Monitor and optimize KV-cache hit rates.
"""
from dataclasses import dataclass
from typing import Optional
import hashlib
@dataclass
class CacheStats:
total_requests: int = 0
cache_hits: int = 0
prefix_length: int = 0
@property
def hit_rate(self) -> float:
if self.total_requests == 0:
return 0.0
return self.cache_hits / self.total_requests
class ContextCacheOptimizer:
"""
Tracks and optimizes context for cache efficiency.
"""
def __init__(self):
self.stats = CacheStats()
self._last_prefix_hash: Optional[str] = None
def prepare_context(
self,
stable_prefix: str,
semi_stable: str,
dynamic: str
) -> str:
"""
Assemble context optimized for caching.
Tracks whether prefix changed (cache miss).
"""
# Hash the stable prefix
prefix_hash = hashlib.md5(stable_prefix.encode()).hexdigest()
self.stats.total_requests += 1
if prefix_hash == self._last_prefix_hash:
self.stats.cache_hits += 1
self._last_prefix_hash = prefix_hash
self.stats.prefix_length = len(stable_prefix)

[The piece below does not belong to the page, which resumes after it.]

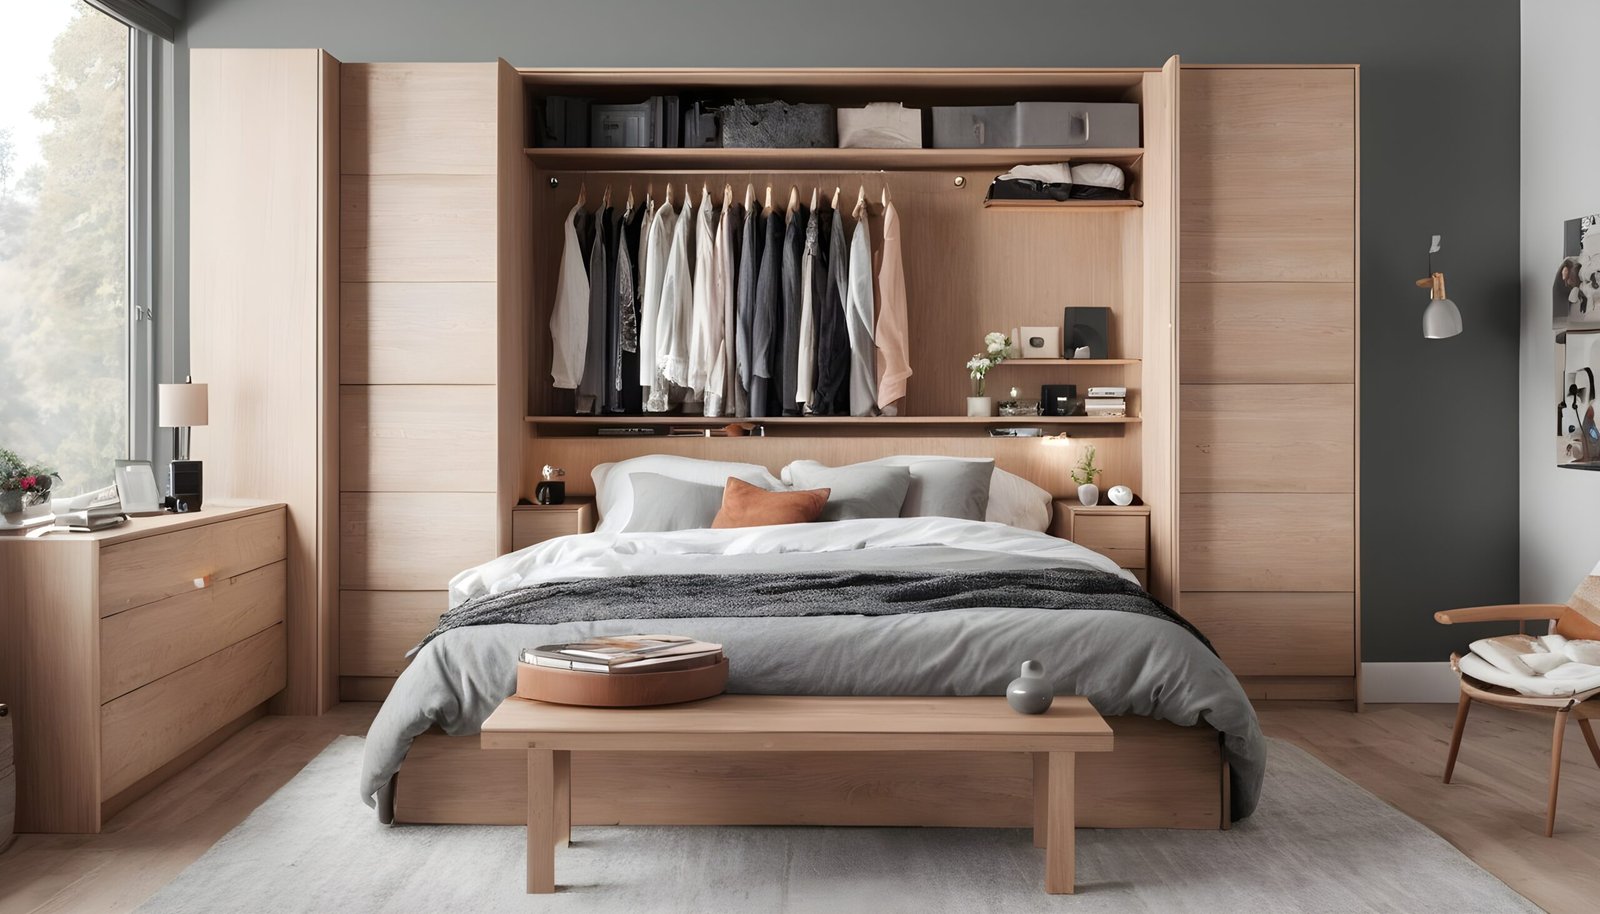 Smart storage solutions in bedroom.

# Assemble with clear boundaries
return f"""{stable_prefix}
---
{semi_stable}
---
{dynamic}"""
def get_report(self) -> str:
"""Generate cache efficiency report."""
return f"""
Cache Statistics:
- Requests: {self.stats.total_requests}
- Cache Hits: {self.stats.cache_hits}
- Hit Rate: {self.stats.hit_rate:.1%}
- Stable Prefix: {self.stats.prefix_length} chars
Estimated Cost Savings: {self.stats.hit_rate * 90:.0f}%
(Based on 10x cost difference between cached/uncached tokens)
"""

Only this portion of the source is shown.